Галя, краснея, откладывала себя в сторону. Пойдя на такой компромисс с «цензурой», в остальном Уткин повиновался уже только своему художественному чутью. К полудню все было готово, и Гага ушла домой к хозяйству. Для прокорма семьи она выращивала на продажу цветы, и к тому же в тот день они ждали гостей по случаю вернисажа. С неопределенным чувством тщеславия, смешанного со страхом, художник окинул взглядом свою выставку и отправился в кабинет к Суслову пить пиво.
Пузатенький Генка подмахнул какую-то ведомость и расчистил стол,
— Завидую я тебе, — сказал он.
— Почему?
— Ну... ты человек творческий. А тут сиди, блин, администрируй. Народ у нас дикий: что ни двухсерийный — толчки так усерут! А за нашу зарплату убираться некому — хоть иди и сам чисти.
— Да ладно тебе...
— Я без шуток. Ты-то, поди, живешь со своей Галей в этих... эмпиреях. Птички тебе поют.
— Поют, — усмехнулся Уткин. — Про финансы.
— Что, плохо картины продаются?
— Да так.. Отвожу в Москву понемножку.
— Ничего, лишь бы на пиво хватало... Кстати, может, покрепче накатим — за успех?
— Нет, Ген, давай до вечера подождем.
— Ну смотри.
Они еще поболтали, и Суслов уехал за «Зловещими мертвецами». Уткин перебрался в буфет. Буфетчица Нинка, протирая тряпкой прилавок, сперва только бросала взгляды, но потом не смолчала:
— Ты что это, Уткин, вроде не пьяница, а с утра пиво дуешь?

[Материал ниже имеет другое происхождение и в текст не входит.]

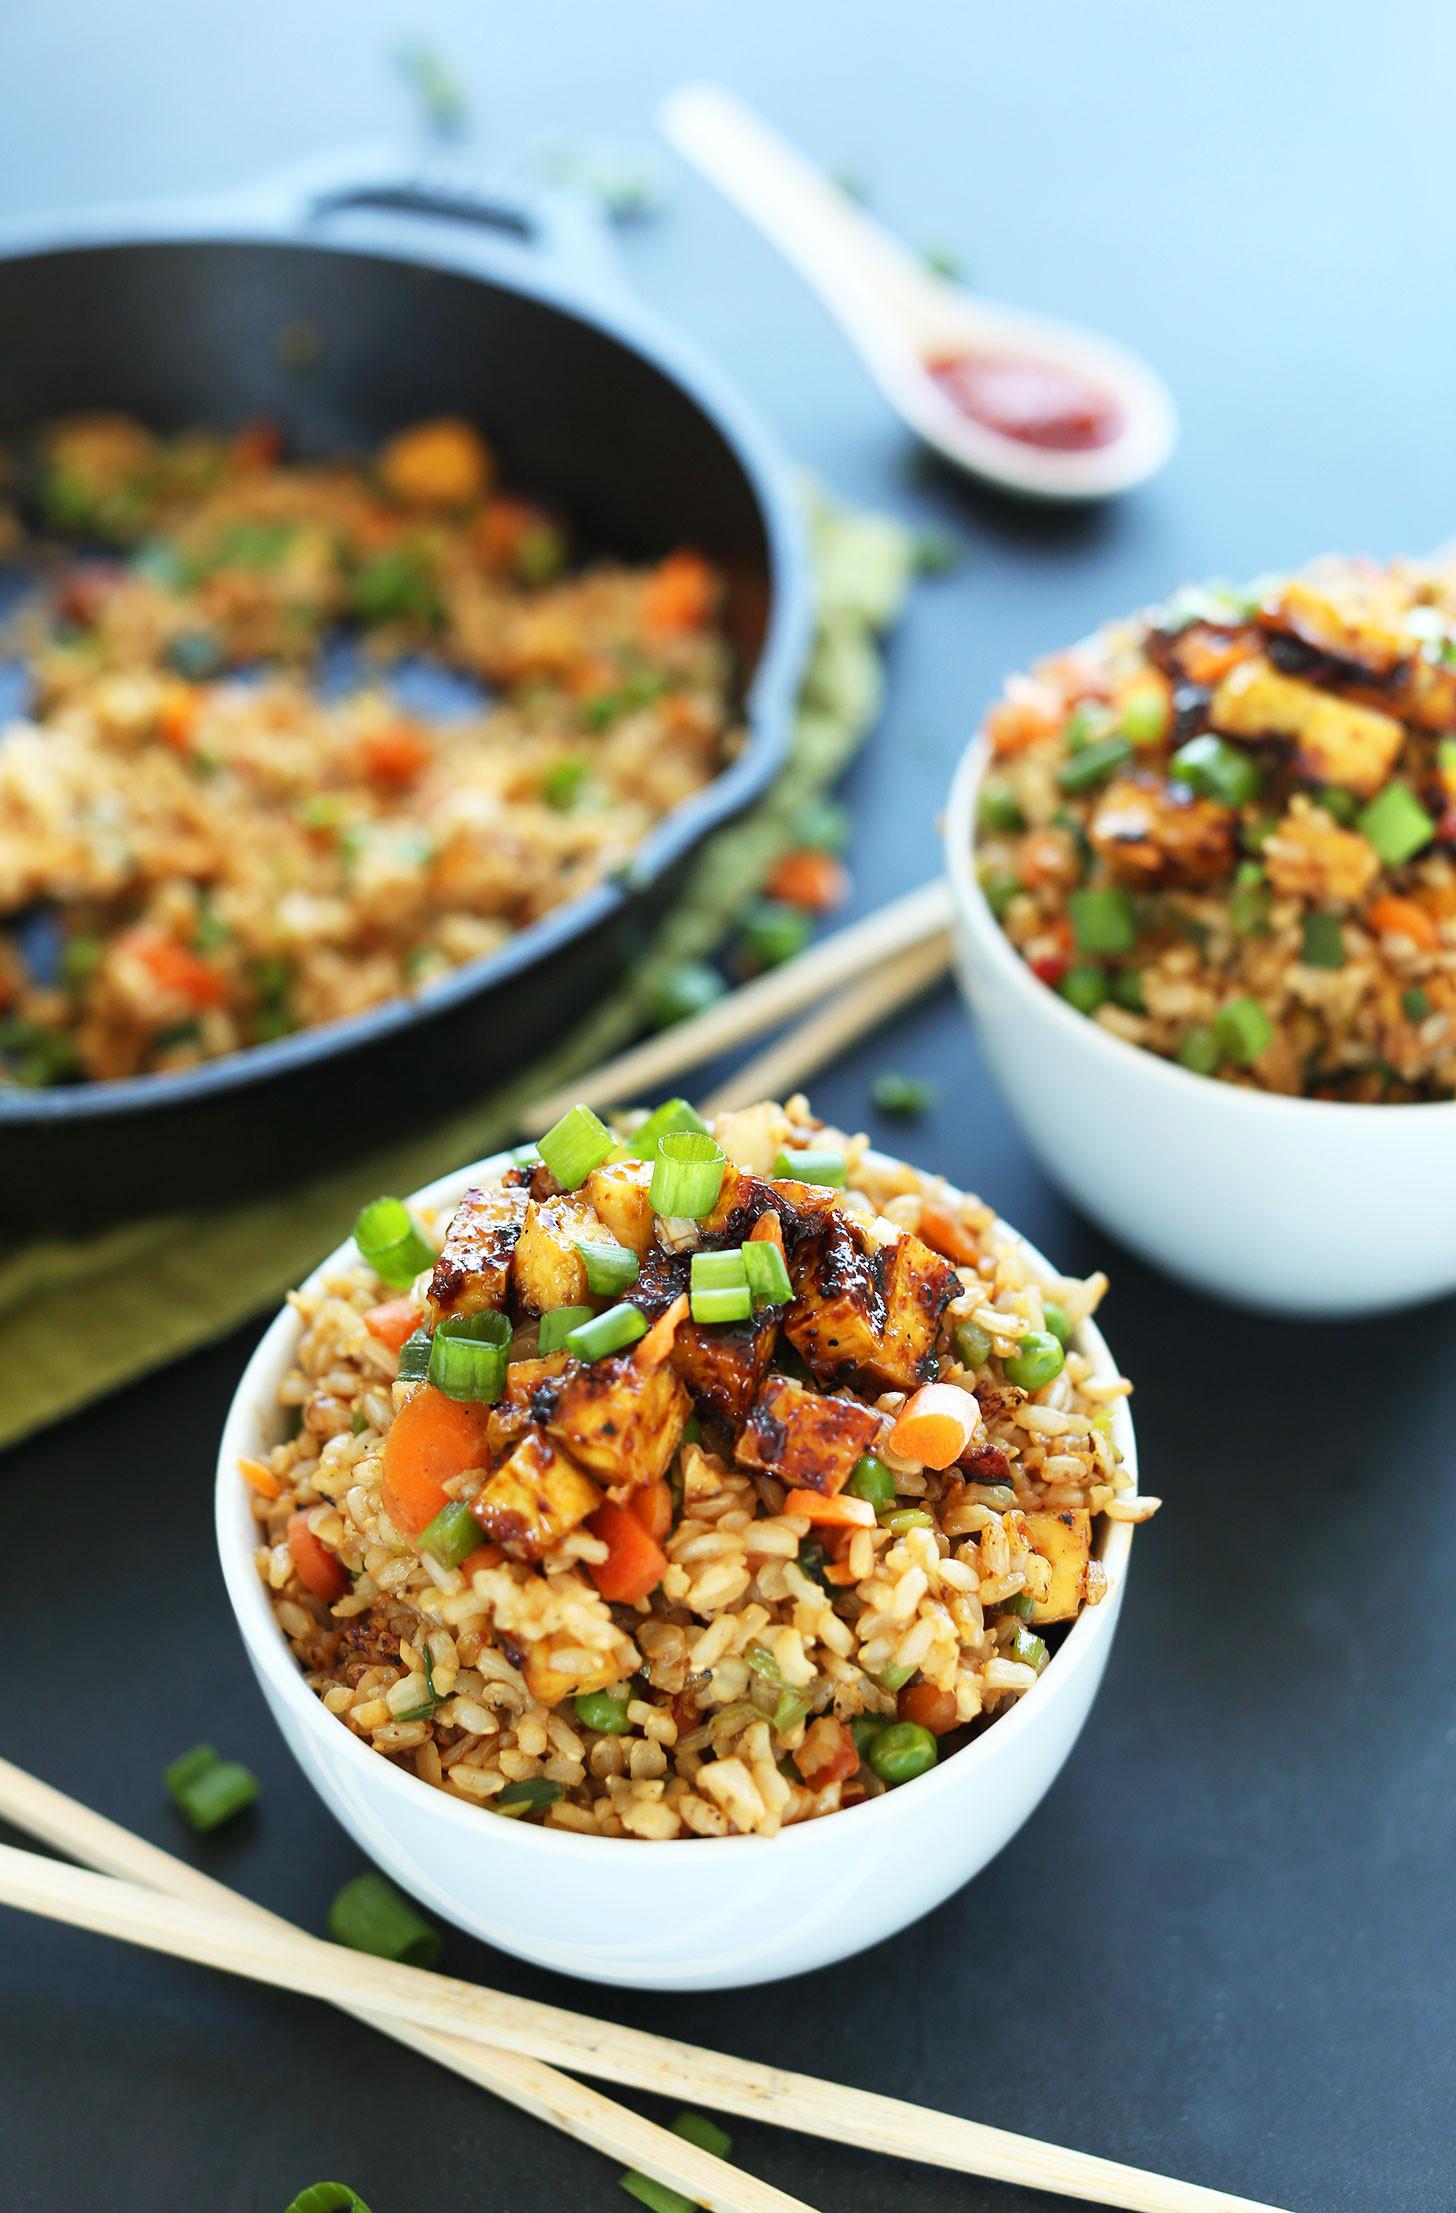 Healthy Easy Vegan Recipes  Vegan Fried Rice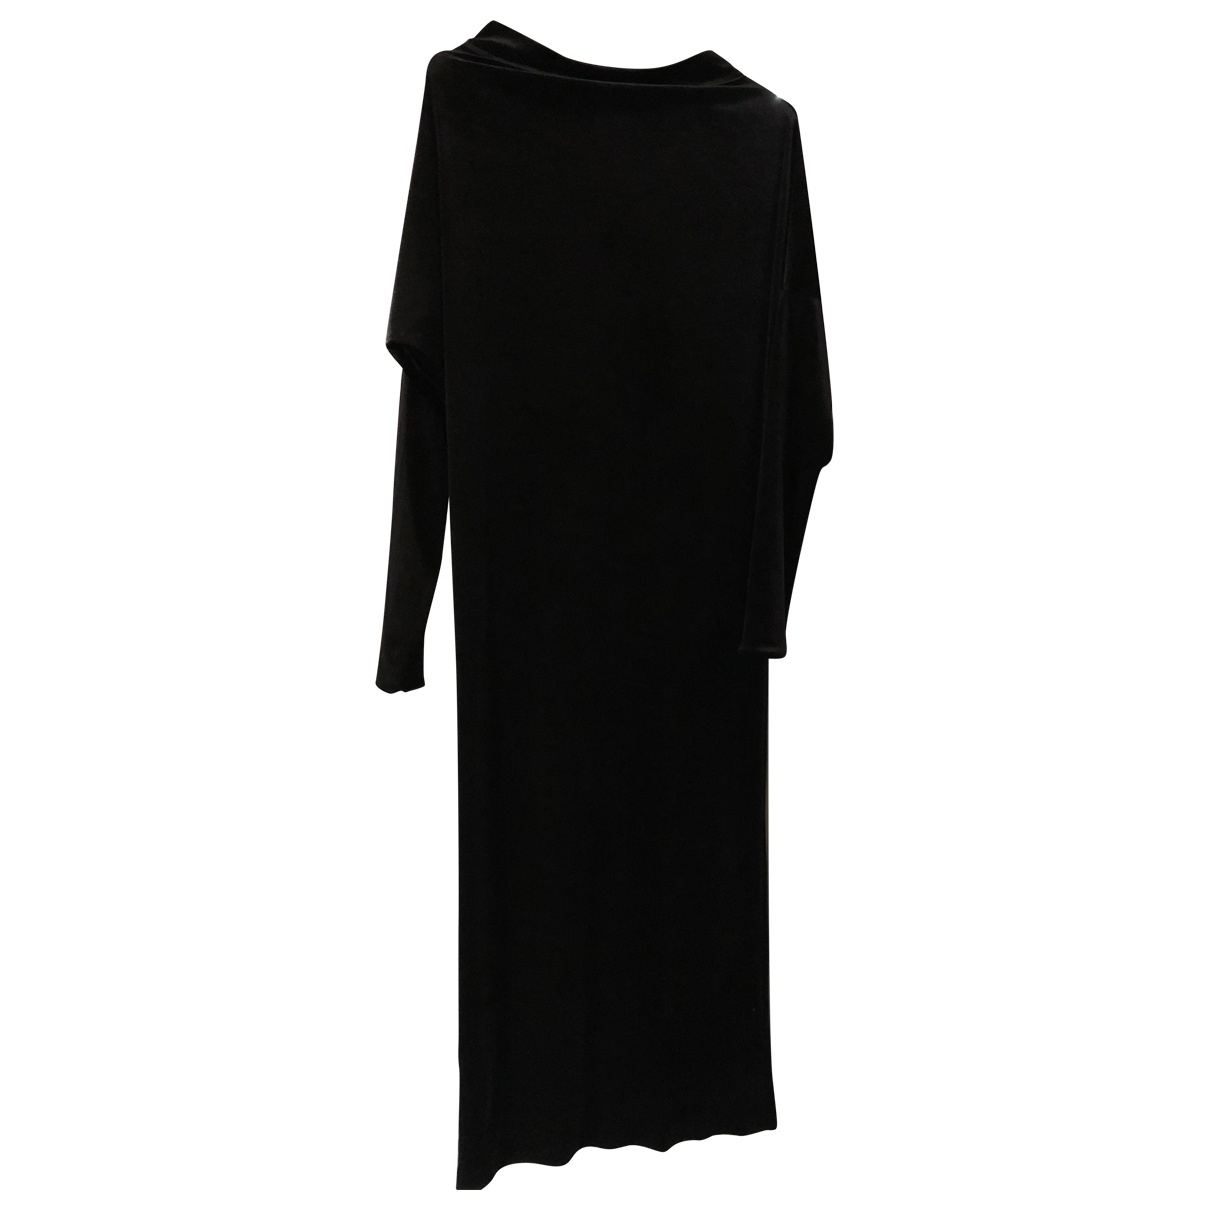 Norma Kamali \N Black dress for Women XS International

— Да так... — не нашелся он.
— Твои, что ли, картинки там в фойе повесили?
— Мои.
— Надо поглядеть.
— Погляди
— Некогда. Сейчас народ подвалит.
Но народу на дневной сеанс «подвалило» немного: в основном дети в сопровождении бабушек. Дети врывались с воплями и сразу начинали носиться по фойе, не обращая внимания на картины. Лишь одна девочка остановилась перед какой-то акварелью и долго бессмысленно таращилась, медленно выдувая изо рта белый пузырь жвачки. Вдруг пузырь лопнул, обрызгав ей нос, и девочка убежала, смешавшись с остальными. Бабушки беседовали с Фаиной Ивановной. Между прочим она обращала их внимание на выставку, но бабки издалека окидывали картины равнодушными взглядами и возвращались к разговору о насущном, не забывая пасти своих сопливых потомков.
Уткин ушел домой обедать.
— Ну как? — спросила Галя.
— Да так... — он пожал плечами. — Никак пока. Схожу еще на вечерний сеанс.
После обеда, не будучи в настроении работать, он прилег поспать. Спал Уткин некрепко: его беспокоила залетевшая в комнату неотвязная муха. Гадина кружилась над ним, щекотала в разных местах и, невидимая, росла, заполняя собой все пространство сна. Муха не подпускала к нему привычные приятные образы и фантазии, и они, званые гости послеполуденной дремы, так и топтались сиротливо на пороге сознания. В результате проснулся Уткин в каком-то смутном состоянии духа. При мысли о вернисаже сердце екнуло, но не радостно, а тревожно. Он вспомнил жвачную девочку в кинотеатре, и досада поднялась в нем изжогой. «Зряшная затея! Им "Зловещих мертвецов" смотреть, а не живопись. А все Суслов — его идея... Тоже еще, покровитель искусств!»
Он вышел на кухню. Галя, взглянув быстро и пытливо, сразу почувствовала его настроение:
— Не выспался?
— Мык... — мотнул он головой.
— Выпей кофе, тебе идти скоро.
— Я тее пойду.
— Ну здрасте! — она укоризненно посмотрела большими глазами. — Для чего же мы огород городили?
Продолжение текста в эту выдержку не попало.